Interesting - I see a cat, pointing to the right but craning her neck to look upwards. :cat:


----------



## TuesdayEve (Jul 8, 2018)

Oh yea I see it too... almost sphinx looking.


----------



## BlondeAverageReader (Jul 8, 2018)

Yes, l can see the cat too. It was the shadow on the kitchen blind from a slug eating pitcher plant, now that is creepy!


----------



## JustRob (Jul 8, 2018)

BlondeAverageReader said:


> Spooky shadow of seated lady in old fashioned poke bonnet?
> Spotted by justrob on the kitchen blind.

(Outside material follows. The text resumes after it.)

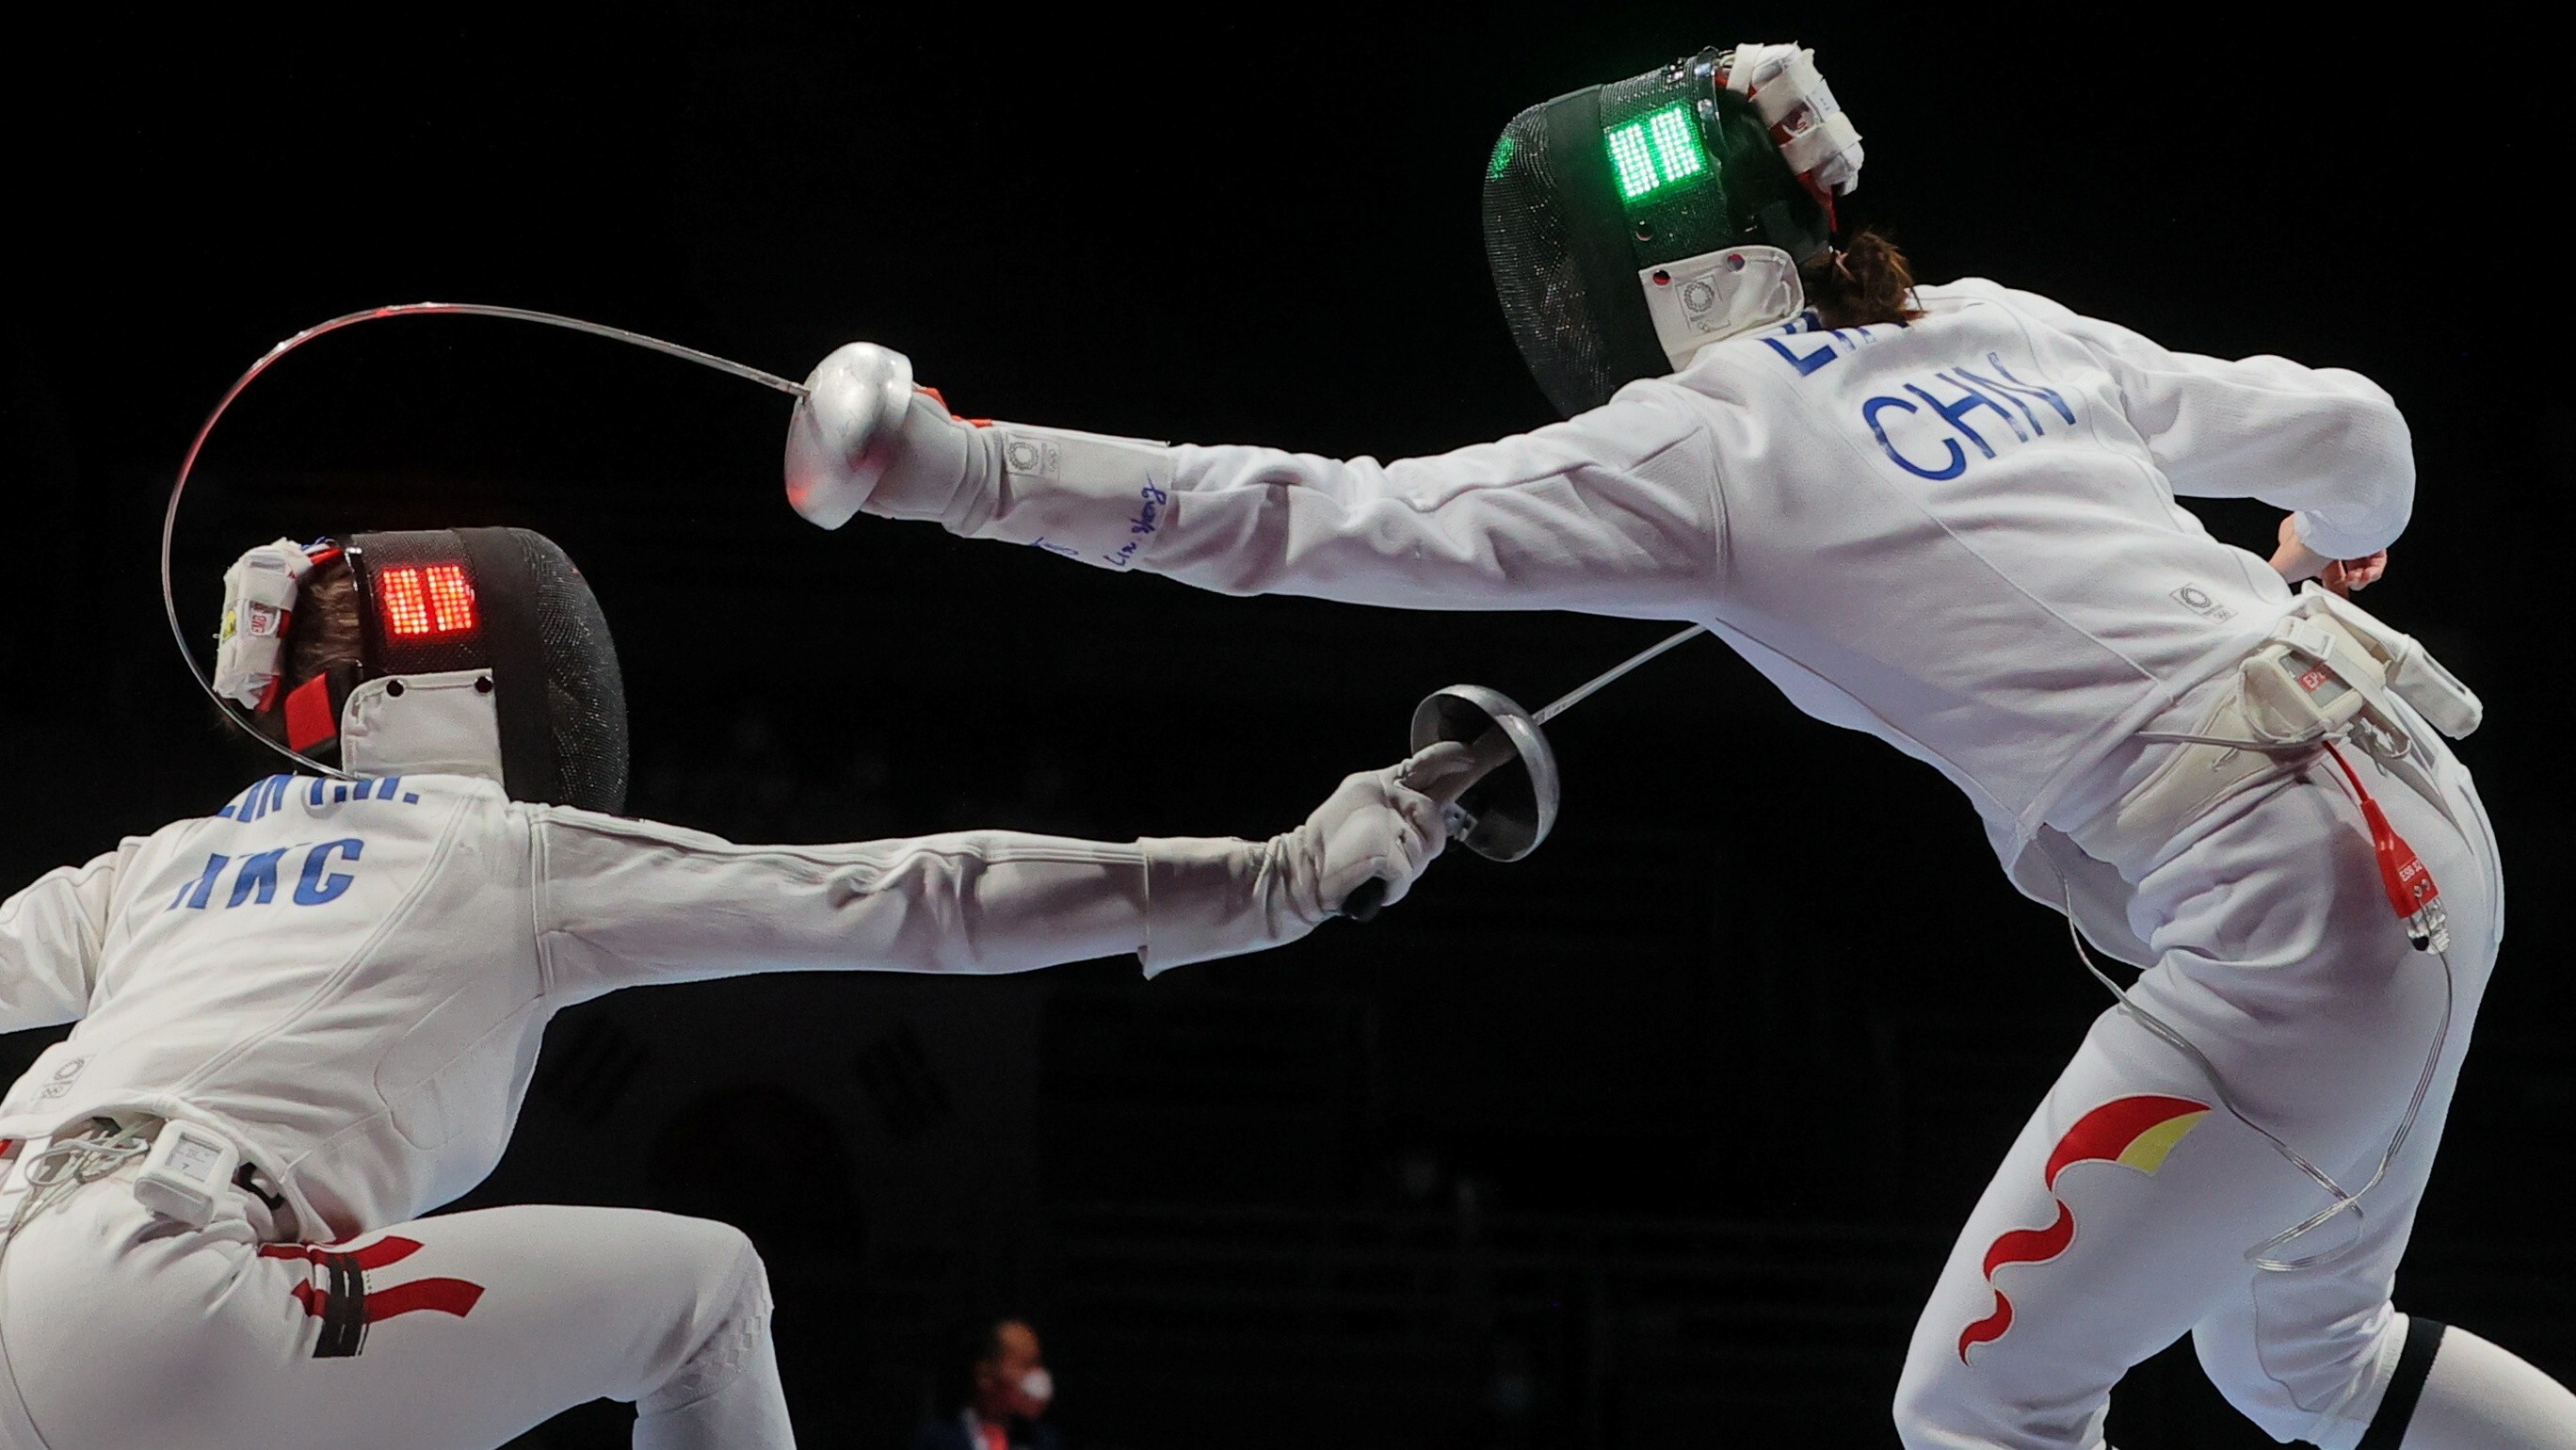 Hong Kong’s Coco Lin Yik-hei takes on China’s Lin Sheng in the women’s team épée at the Tokyo Olympics on Tuesday. Photo: REUTERS

Yes, if anyone has missed me I'm still here hanging around in the shadow of my far more charismatic angel and recovering from handling the logistics of our recent holiday in Ireland. I don't recollect logistics being an academic subject when I was at school though, so I've just had to wing it. Nowadays you can apparently even get them delivered right to your door, so times must have changed. Actually we had enough trouble getting a taxi to the airport delivered to ours, but that's another story.


----------



## TuesdayEve (Jul 8, 2018)

Hello rob, 
Nice shot. I have not seen you around much lately but
I am not one to travel to the far corners of the forum.
Welcome back.


----------



## BlondeAverageReader (Jul 10, 2018)




----------



## TuesdayEve (Jul 10, 2018)

Enlarged it’s really beautiful. It’s looks like a perfect
 feather. I like the droplet hanging off the side.
Is that a pigeon (rock dove)feather?


----------



## BlondeAverageReader (Jul 11, 2018)

TuesdayEve said:


> Enlarged it’s really beautiful. It’s looks like a perfect
> feather. I like the droplet hanging off the side.
> Is that a pigeon (rock dove)feather?



Yes it is indeed a pigeon feathers underside, but not your common rock dove, we have a flock of abandoned posh racing
pigeons who call the local rooves home. Sadly the old chap who owned them could no longer care for them and some idiot chucked them out to fend for themselves. So my neighbour and l dole out bird seed!! from all the displays and cooing l guess we will need a bigger sack soon. 30 odd and counting!


----------



## BlondeAverageReader (Jul 24, 2018)




----------



## BlondeAverageReader (Apr 27, 2019)




----------